# Trying to help...



## kwk (Nov 25, 2005)

This is the situation...I work for the NC Employment Security Commission. A claimant called me today and said she had been told that I have GSDs and might be able to help her. She has a 5 yr old active, healthy female, spayed, utd on vet care, and she must find a home for her immediately. The woman's husband died a couple years ago. The woman has since lost her job, has run out of benefits, and is losing her home. She spoke in a clear, controlled manner initially, and just broke down during our conversation. I told her that while I am not in a position to take her dog myself, I would try my best to help her find a good home for her dog, Sable.

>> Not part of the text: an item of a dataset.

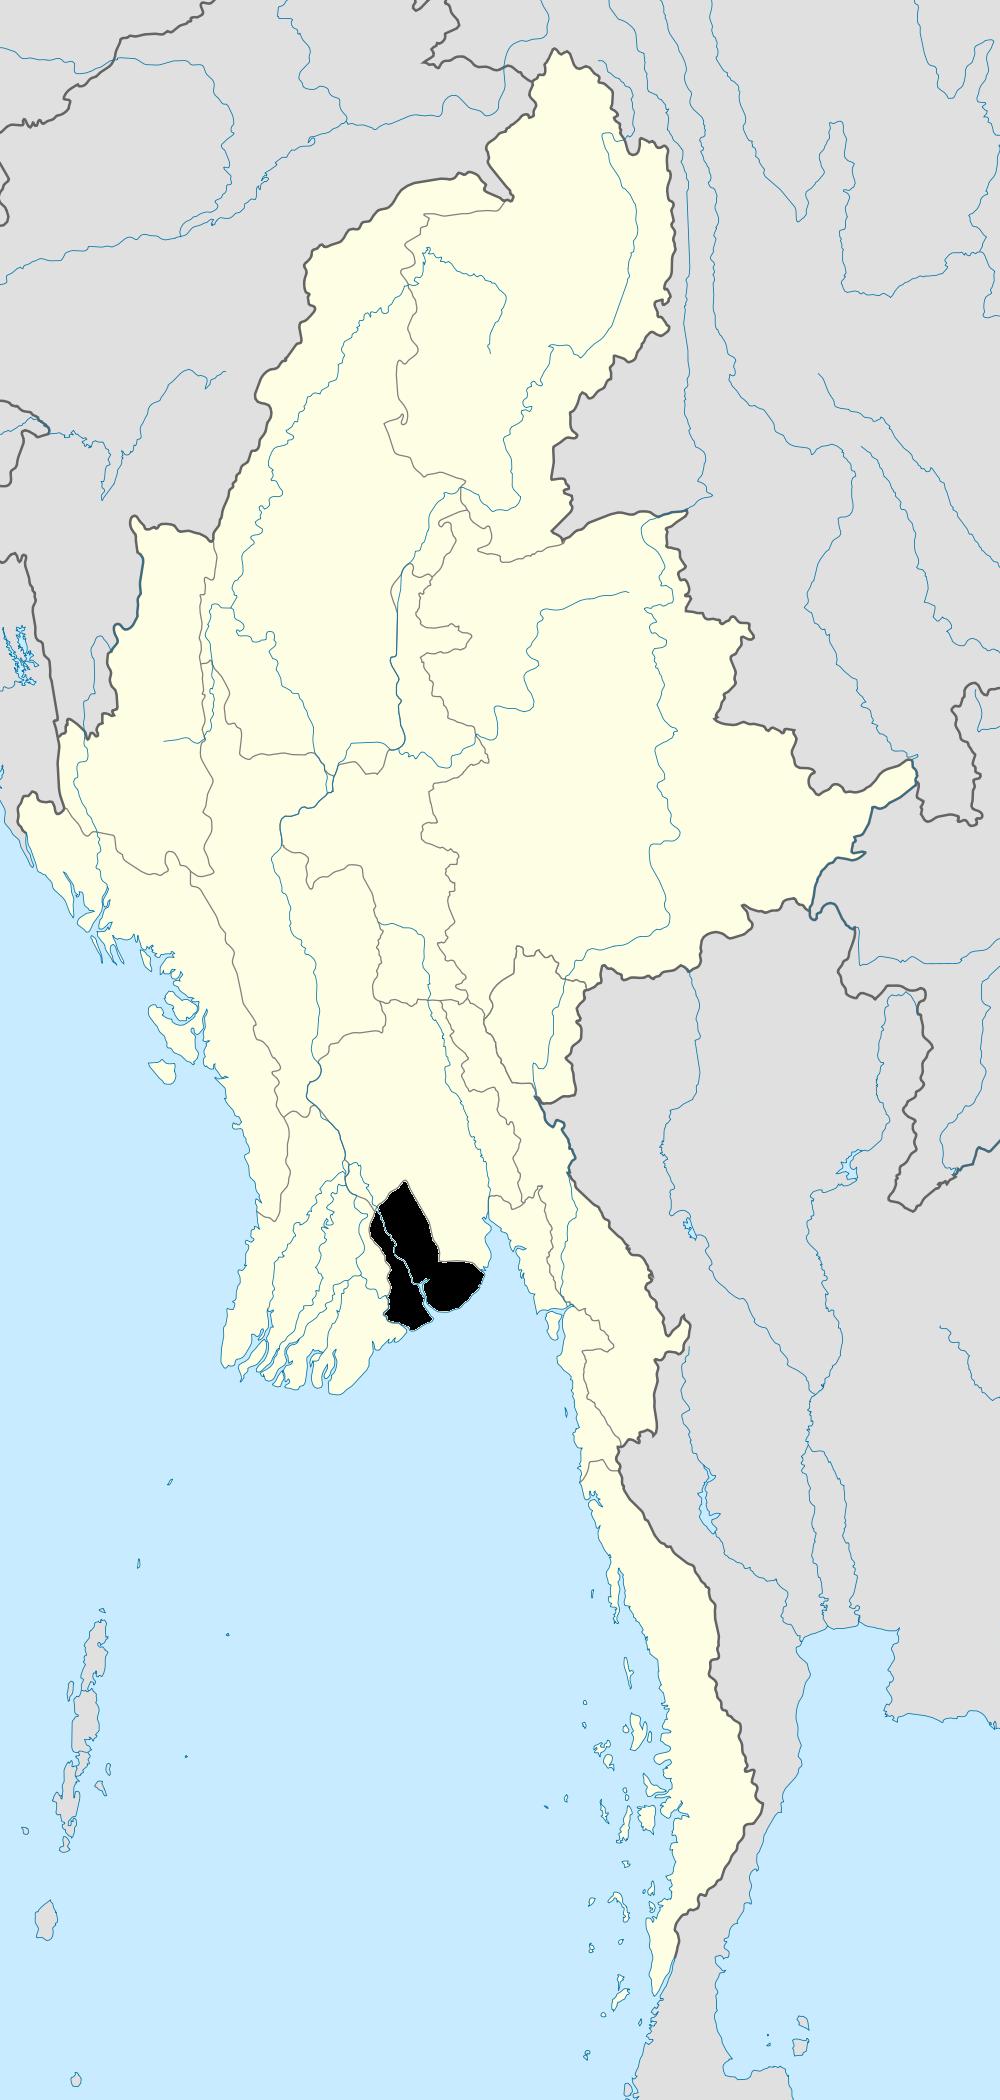 File:Burma Yangon locator map.png - Wikipedia on vientiane map, burma map, taiohae map, hanoi map, hong kong map, bumthang map, phnom penh, ho chi minh city, manila map, rangoon map, mekong river map, siem reap, jakarta map, islamabad map, bandar seri begawan map, great wall of china map, bangkok map, kuala lumpur, murang'a map, aung san suu kyi, burmese language, kuala lumpur map, taipei map, yangtze river map, naypyidaw map, myanmar map,

Our 5 yr old male gets along with anyone, but my two rescued females are not as accepting of some other dogs. My heart breaks every day for the many people out of work, out of benefits, losing their homes...but this case is one of my most heart breaking. So later in the day the receptionist handed me an envelope dropped off while I was out...pictures of Sable, a black faced beauty. Her person describes her as sweet, very smart, playful, fairly obedient, and added that she gets along with some dogs, not all. She states she has not been able to keep up with obedience training as well as her husband had. We are in Davidson Co., NC. I have a neighbor who informally rescues and rehomes dogs, but she has so many she is caring for. There is a coulpe in our town who train dogs for Police departments and for private owners, and I've left a message for her to contact me. Sable's owner is so desperate. My son scanned the pics in. Not sure how clear they will be, but Sable is a beauty, and really, really needs a loving new home. She has lost her Daddy, and is about to lose her Mom and her home.

HELP!!!


----------